Telecom vendors may have to wait until 2020 for 5G to bring growth back

5G gear
Image credit: Tadej Pibernik /

The telecoms infrastructure market is still in decline, and vendors banking on 5G to kickstart the market and get revenues back on track are going to have to wait a couple more years before that happens, according to Technology Business Research (TBR).

The analyst firm’s latest telecom infrastructure services (TIS) market forecast (covering 2017-2022) says the global market did manage to grow in 2017 to $96.8 billion – but that’s only a 0.6% increase year-on-year. And that’s as good as it will get as revenues slide from now until 2020, which is when TBR expects spending on 5G deployments will bring growth back.

From the release:

“Payment recognition for maintenance contracts and other services-related work that covered LTE and fixed gear that was deployed in China over the past few years provided a significant boost to the TIS market and spurred overall market growth in 2017 rather than the expected market decline,” said TBR Telecom Senior Analyst Chris Antlitz. “TIS spend in China is now post-peak, which will have significant implications for key vendors that have exposure to the country and will be a drag on the overall market for the next few years. This will be offset by 5G and transformation-related investments.”

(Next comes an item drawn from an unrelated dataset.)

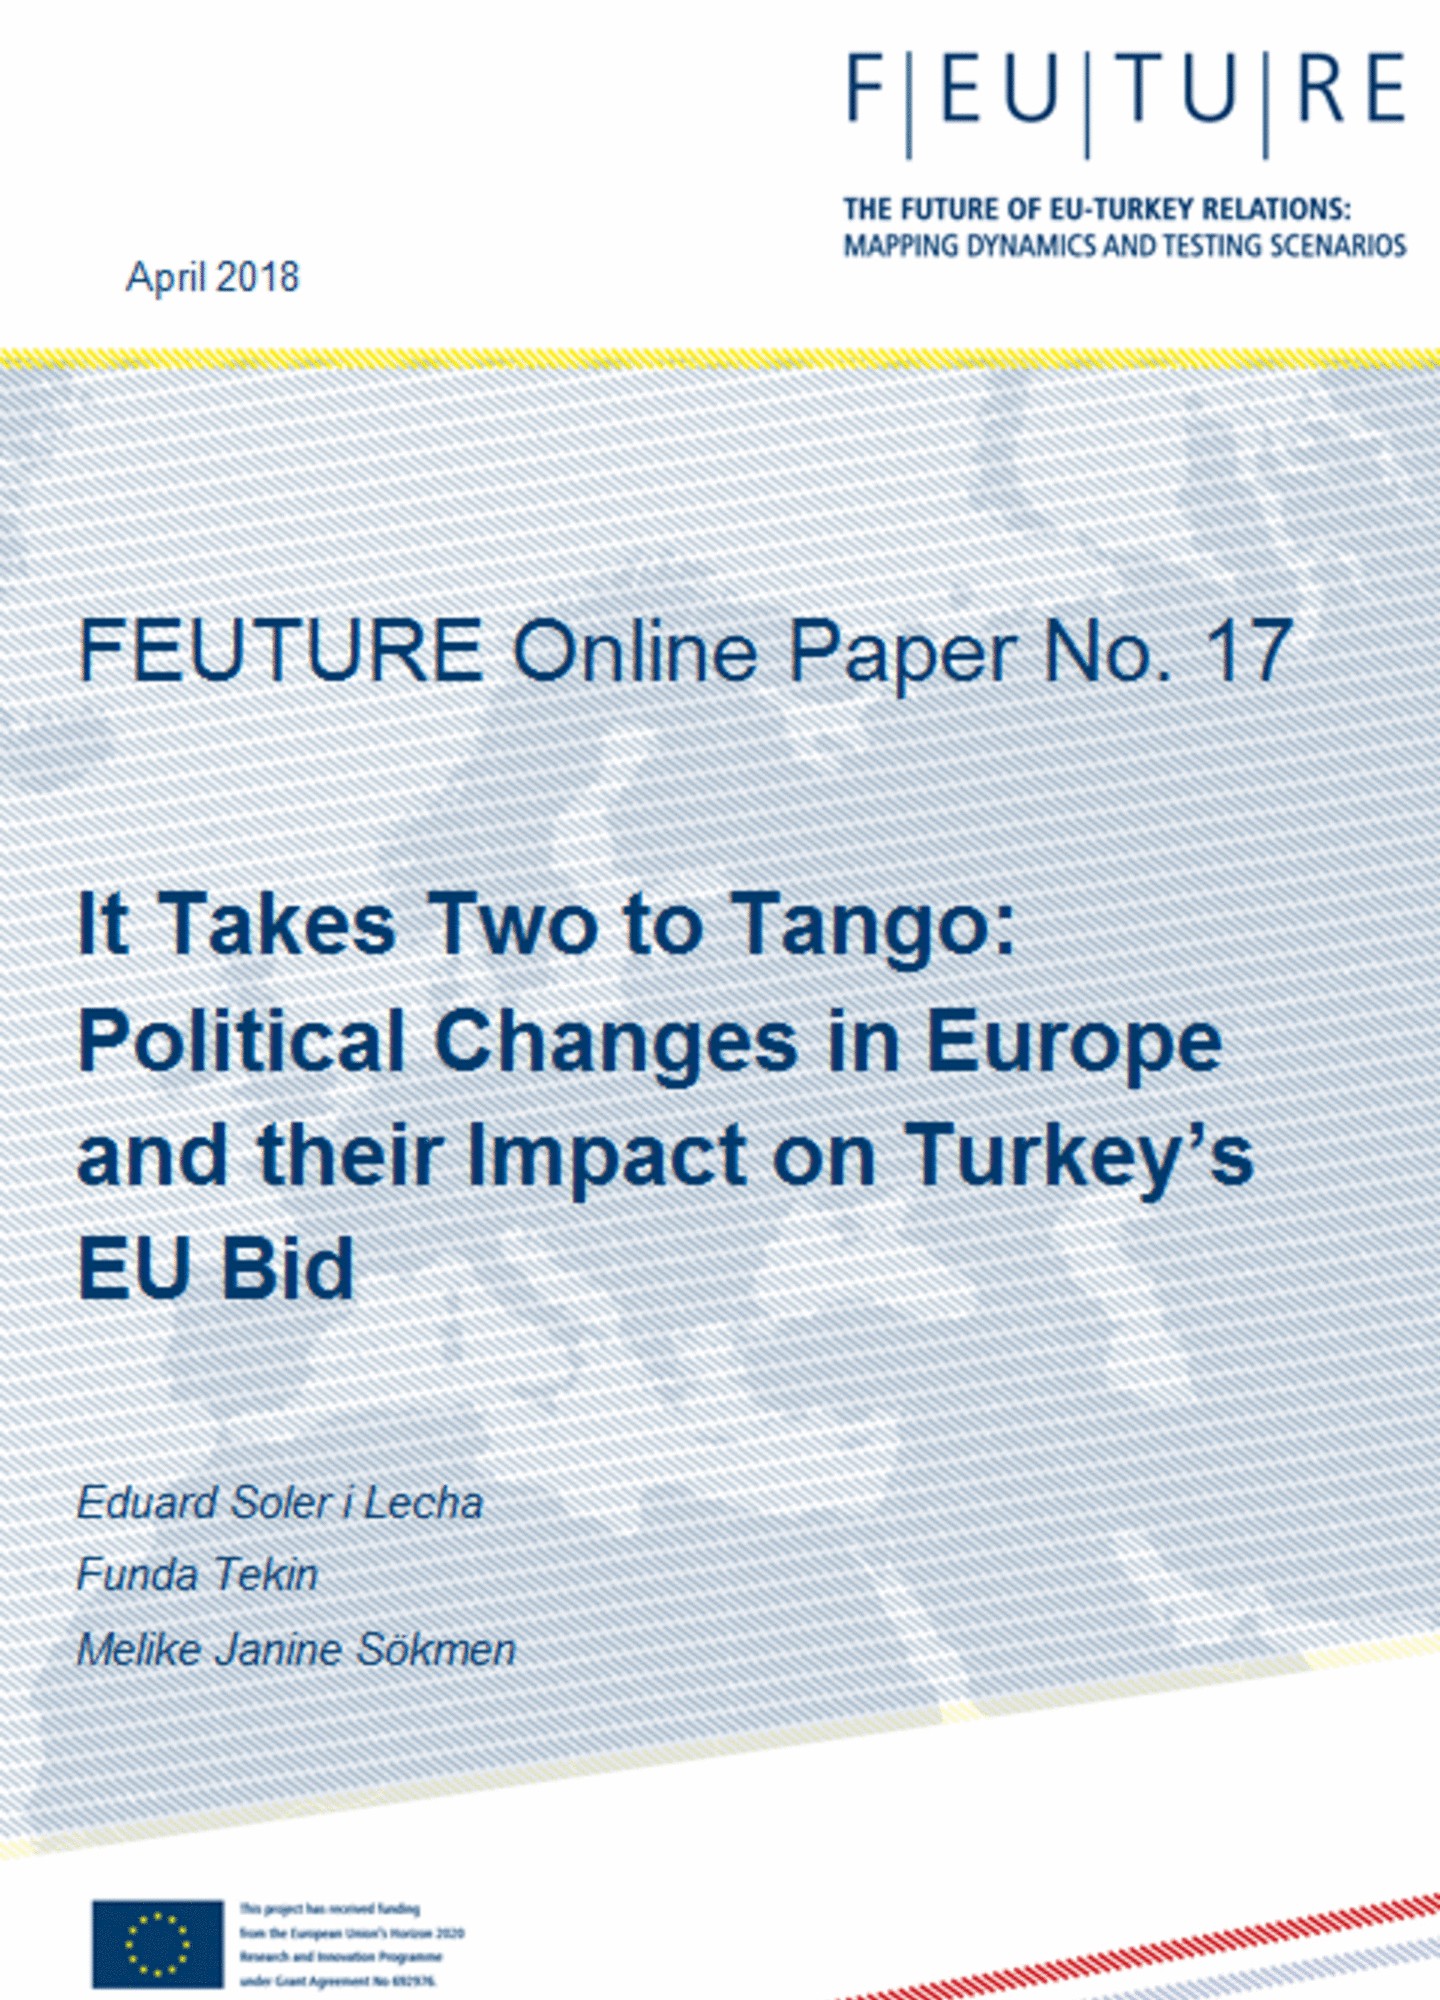 It Takes Two to Tango: Political changes in Europe and their Impact on Turkey's EU bid

TBR adds that CAGRs in all subregions in APAC will decline during the forecast period due to the impact of M&A activity in India and post-peak LTE spend in the region, driven by China.

If TBR’s forecast is anywhere near accurate, that’s not good news for vendors like Nokia, who reported an 87% plunge in operating profits for its network business for Q1 2018. CEO Rajeev Suri said he’s confident that with 5G arriving sooner than expected, and with high-profile 5G launches expected by operators in the US and China scheduled for the end of the year, the next-gen technology will push network equipment revenues back up.

However, TBR isn’t the only analyst firm skeptical of the notion of 5G as a capex bonanza for vendors. Earlier this year, Rethink Research issued a report which found that for the most part, operators aren’t prepared to sink that much money into 5G when the business case for it isn’t clear – they’re more interested in getting the most out of their existing 4G networks. So while they will be spending money on next-gen architectures, virtualized RANs, hyper-densification, and massive MIMO antenna arrays, most will deploy them in existing 4G networks.

That may be why Huawei Technologies – who has been leading the 5G hype brigade for the last few years – is now dialing down the “5G is now” marketing message and focusing more on beefing up 4G to serve in the overall 5G ecosystem whenever operators are ready to go the full monty.

Meanwhile, the TBR forecast also expects professional services to be the fastest-growing services segment through the forecast period, driven by operator transformation efforts. TBR also says investments in NFV, SDN, cloud and automation will reduce the volume of product-attached services.

TBR also noted that software-centric vendors will relatively outperform hardware-centric vendors on a relative basis “because they will be best able to withstand as well as capitalize on the opportunities that NFV, SDN and cloud provide.”